It evolved from Southern blotting hybrid method
Blotting hybridization Southern blot hybridization: gel ionizes DNA fragments digested with restriction enzymes, denatures the DNA on the gel and transfers single-stranded DNA fragments to a nitrocellulose membrane or other solid On the phase support, it is dried and fixed, and then reacted with the labeled probe of the corresponding structure at that time, and the color is developed by autoradiography or enzyme reaction, and the content of molecules of a specific size is detected. It can be used to analyze the restriction map of cloned genes, qualitative and quantitative analysis of genomic genes, gene mutation analysis and restriction length polymorphism analysis (RELP).

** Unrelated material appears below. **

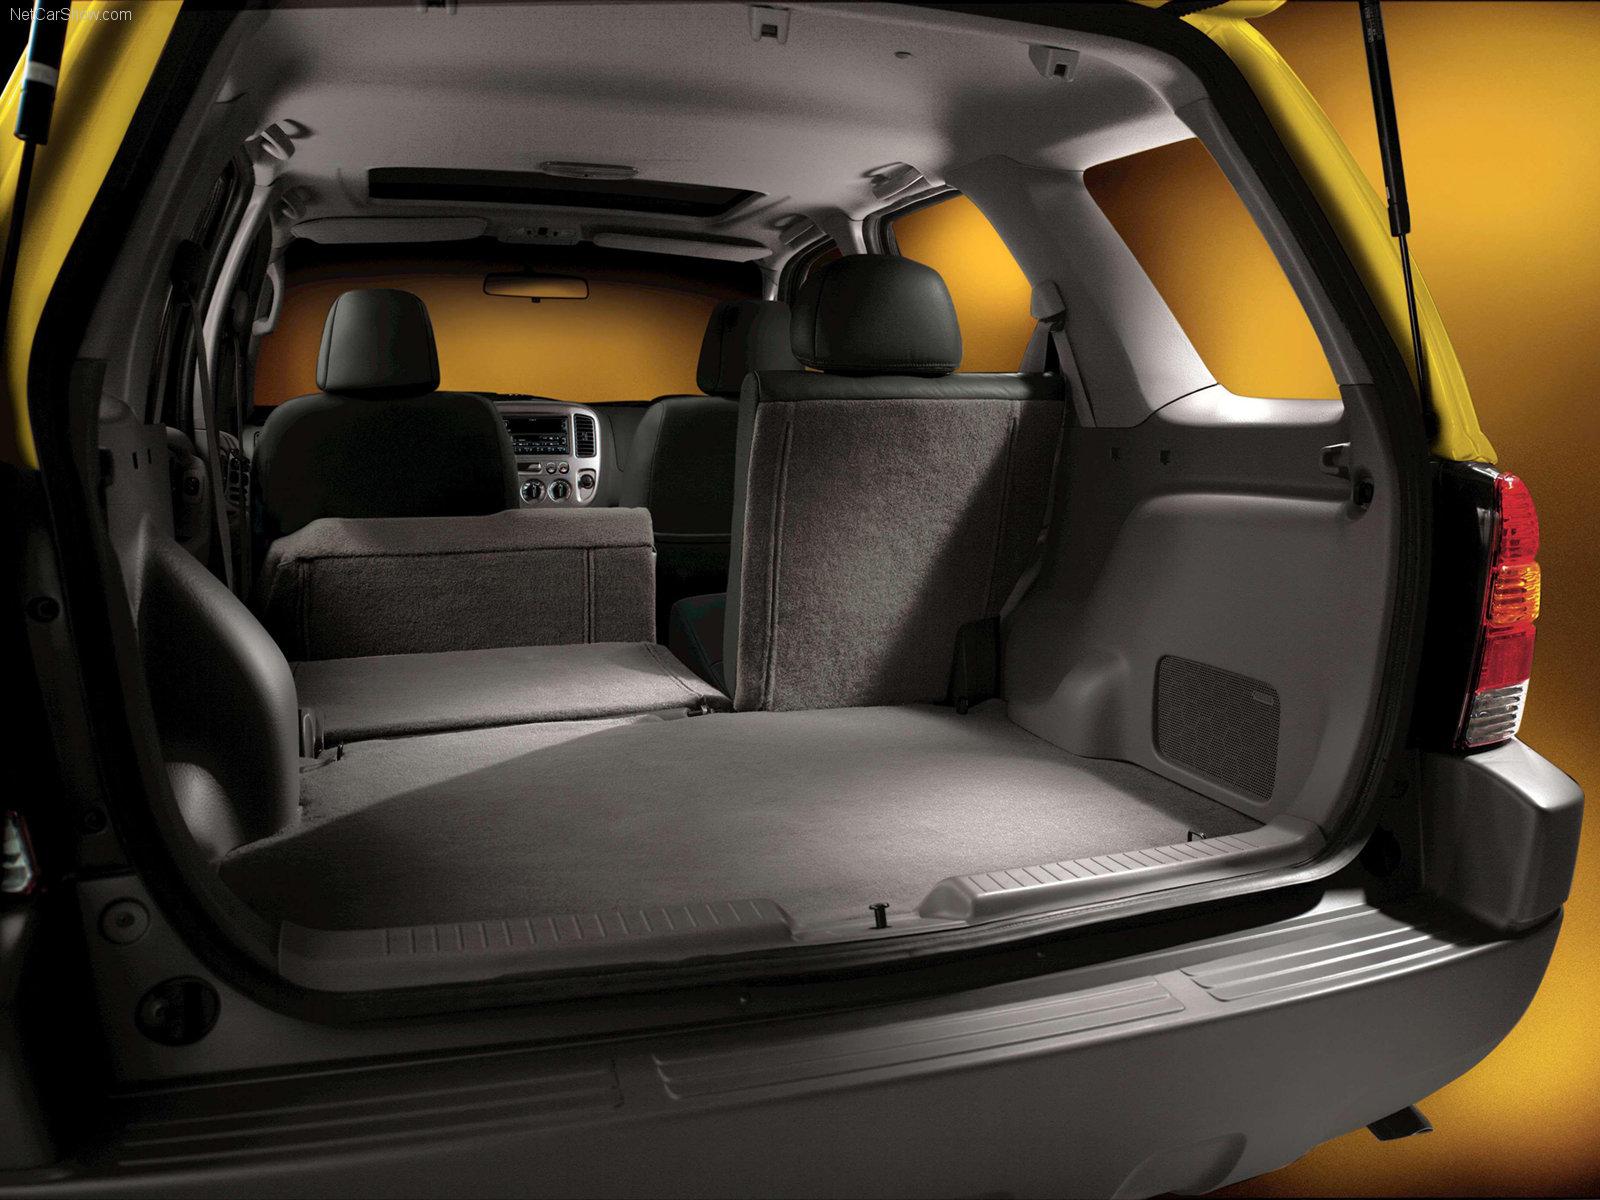 Форд Эскейп 2008, 2.3 литра, Авто приобреталось с салона ...

Northern blot hybridization: It evolved from Southern blotting hybrid method, and the tested sample is RNA. After formaldehyde or polyglyoxal denaturation and electrophoretic separation, it is transferred to a solid support and subjected to a hybridization reaction to identify the amount and size of a specific mRNA molecule in the group. This method is a commonly used method for studying gene expression, which can deduce the expression level of oncogenes.

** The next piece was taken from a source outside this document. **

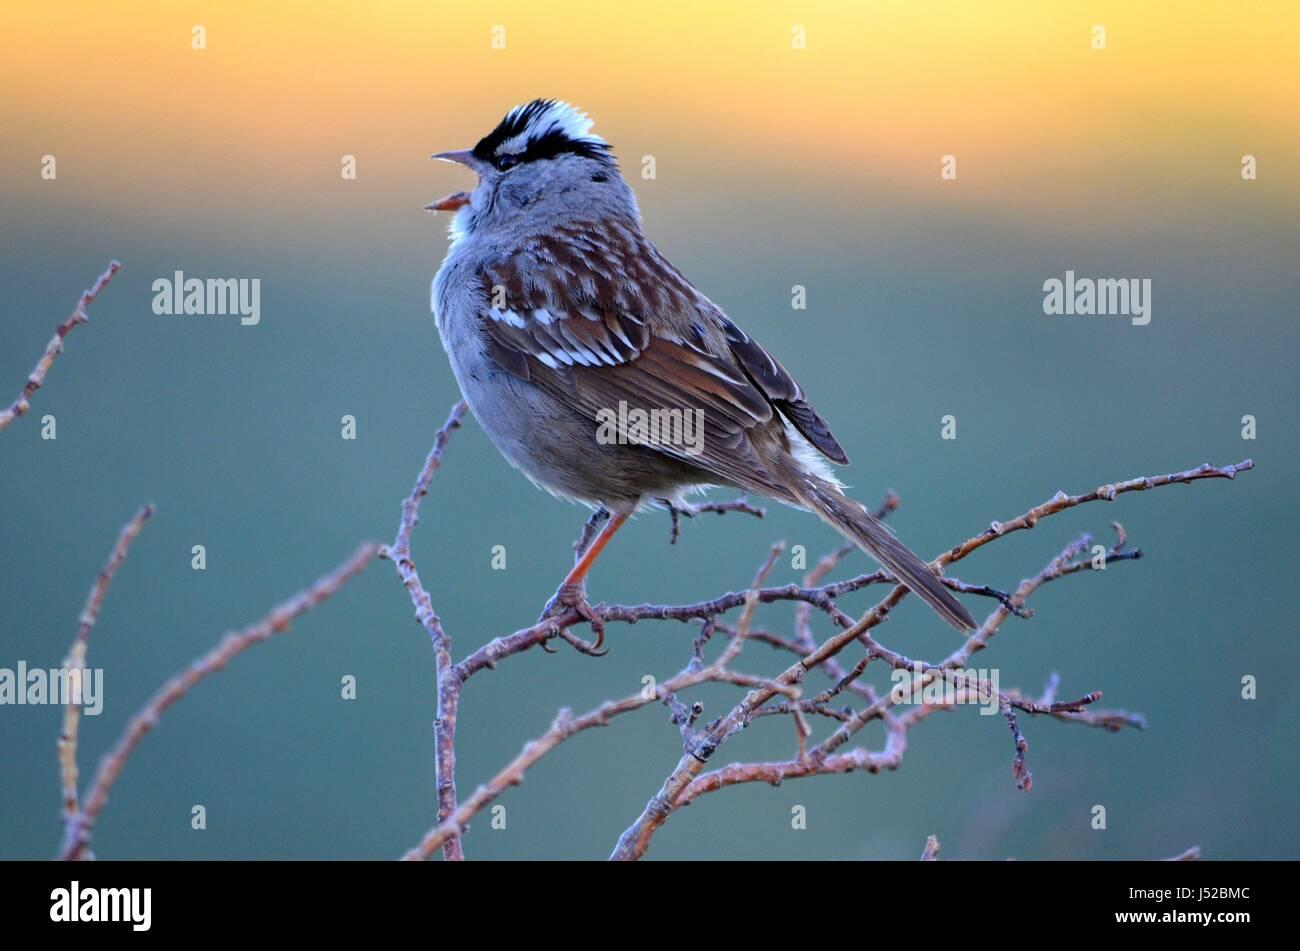 Sparrow Singing at Sunrise - Stock Image

Differential hybridization is the transfer of recombinant phage DNA from a genomic library to a nitrocellulose membrane, using two different types of cDNA probes (eg, reverse-transcribed cDNA from metastatic and non-metastatic cancer tissues) Hybridize to the DNA on the filter, and analyze the hybridization information at the corresponding positions on the two filters to isolate the differentially expressed genes.

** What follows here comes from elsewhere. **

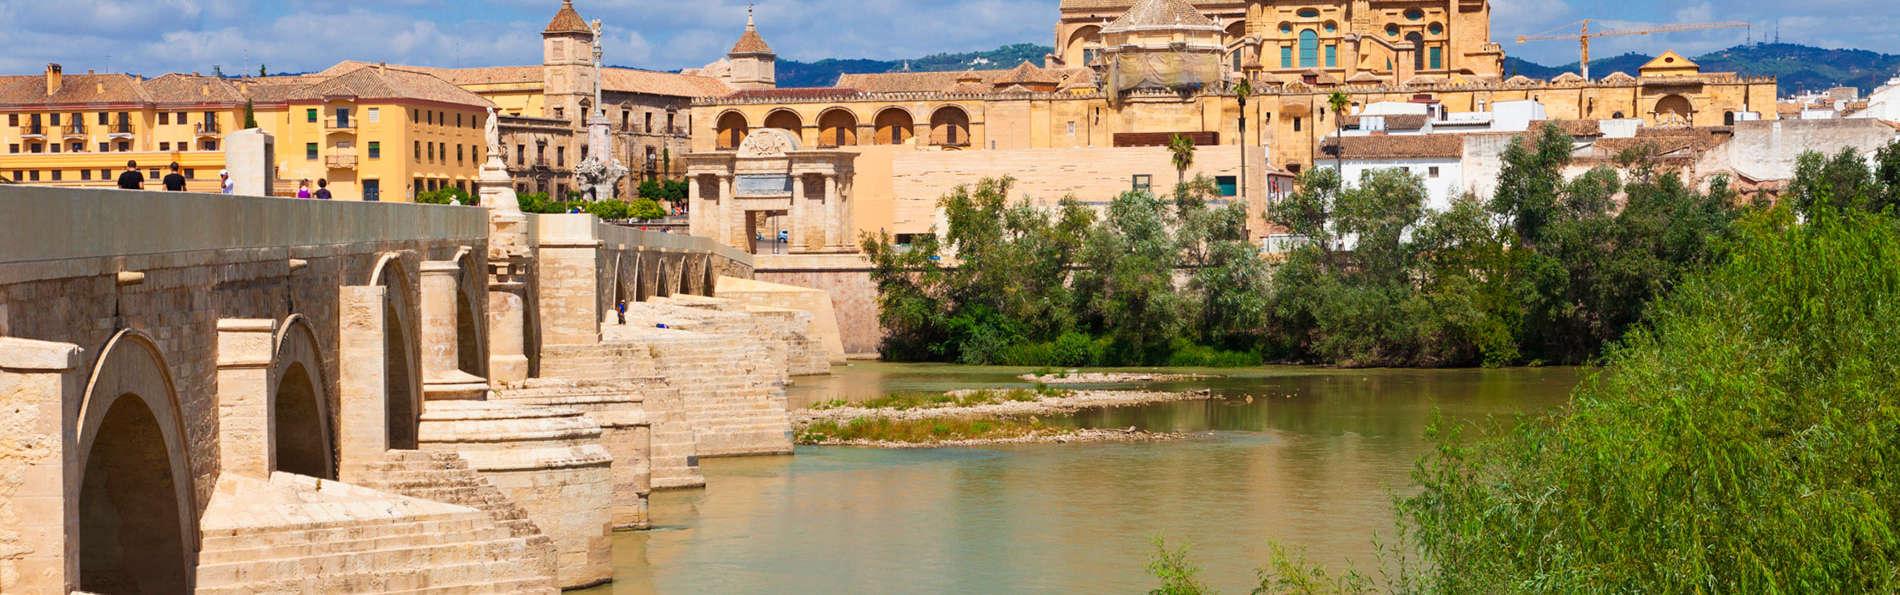 Hospes Palacio del Bailío - EDIT_cordoba.jpg

It is suitable for china plastic tube factory of genes expressed by eukaryotes with less complex genomes (such as yeast), and the false positive rate is low. However, for very complicated genomes such as human beings, the percentage of expressed sequences is relatively low (only about 5%) due to the heavy workload, which is of little value. cDNA microarray hybridization refers to arranging cDNA clones or PCR products of cDNA in a high array and binding them to a solid support (such as a nylon membrane or an activated glass slide). Dot matrix, and then use a mixture of different DNA probes to hybridize the DNA on the microarray. Then, the fluorescence information, chemiluminescence, and confocal microscopy are used to scan the hybridization information on the microarray. It is more efficient, faster and cheaper than differential hybridization, and is suitable for large-scale analysis.